Teachers in both groups implemented one of the two FA approaches in their mathematics classrooms. Both approaches were based on “learning progressions” (Duncan & Rivet, 2018; Furtak, 2012) for primary school mathematics education. These learning progressions represent typical pathways that students usually undergo when acquiring basic mathematical content, and they represent the groundwork upon which students’ competencies were systematically assessed. To effectively prepare teachers for translating the FA cycle into concrete action, they participated in a PD program on assessment-based, individualized mathematics instruction covering six sessions throughout the school year. While this PD program was parallel in both groups, the approaches differed regarding the formalization of the FA cycle. Specifically, in the CE group, the classroom implementation was tightly guided (using prepared, written task sets for assessment that were identical for all students), whereas in the PI group, teachers were given more flexibility in realizing the concept in their mathematics classrooms (holding planned, focused conversations for assessment with students they selected).

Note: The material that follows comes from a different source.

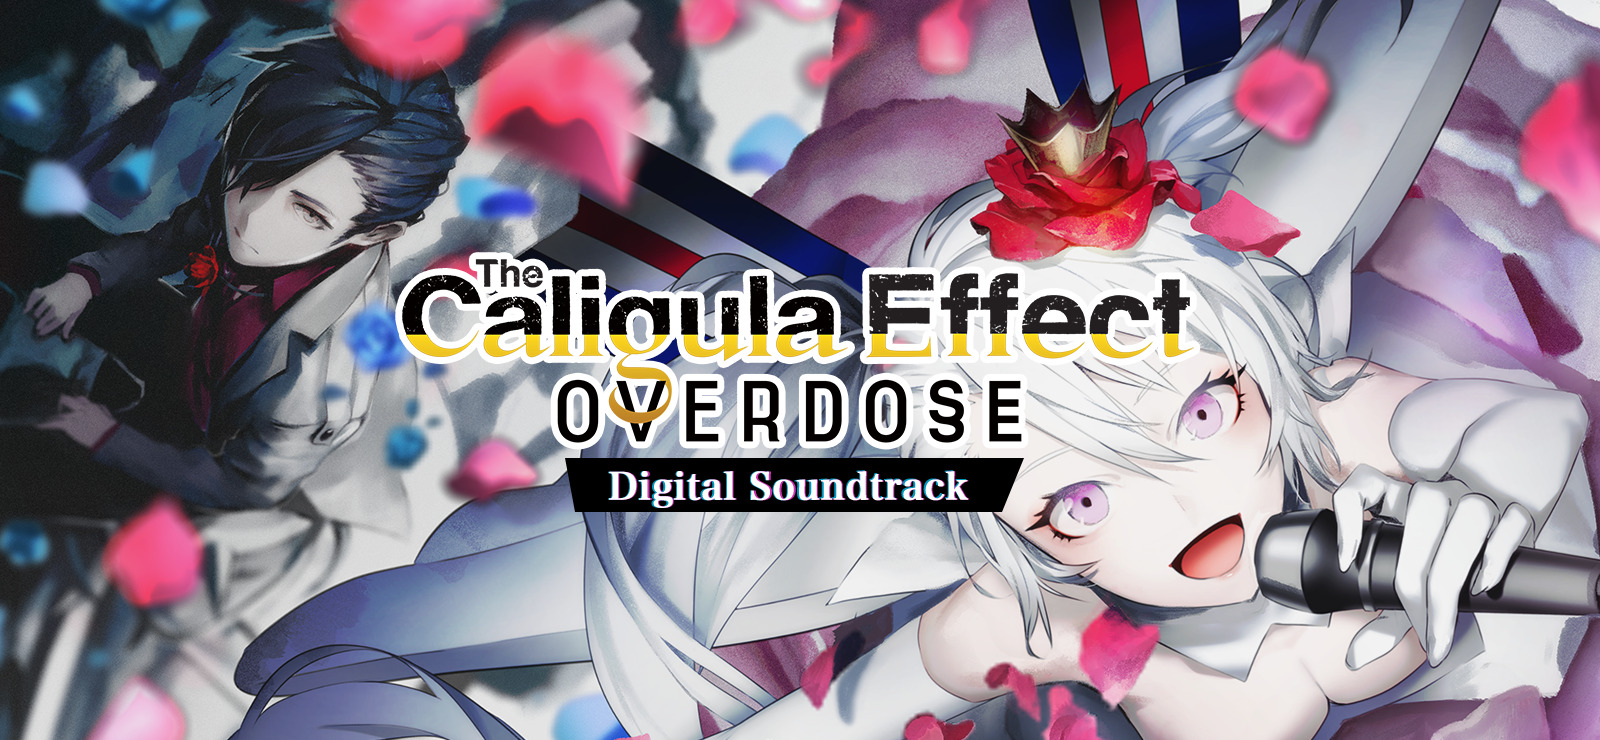 The Caligula Effect: Overdose - Digital Soundtrack DLC Steam CD Key, 4.36 usd

Teachers rated the implementation success at six measurement points (for the variables acceptability, feasibility) and five measurement points (for the variables fidelity, cooperation, perceived learning outcome) throughout the school year, and at the end of the year, they also rated the sustainability of the implementation (Figure 2).

Figure 2.

Study Design and Measurement Time Points

Research Question and Hypotheses

This study examines how two differently structured FA approaches (CE vs. PI) affect different implementation outcomes over the implementation process of one school year. The following hypotheses were posed:

Hypothesis 1: For the initial phase of implementation, we expected that effects for all implementation variables would be higher for the more structured CE approach compared with the less structured PI approach. We defined the initial phase as the two first points of measurement (acceptability and feasibility at T1 and T2 and all other variables at T2 and T3).

Hypothesis 2: We expected that the effects of the two approaches on the implementation variables would equalize over time, that is, that teachers in PI would eventually rate the implementation variables more positively. To analyze this change over time, we focused on all points of measurement after the initial phase (acceptability and feasibility at T3–T6 and all other variables at T4–T6).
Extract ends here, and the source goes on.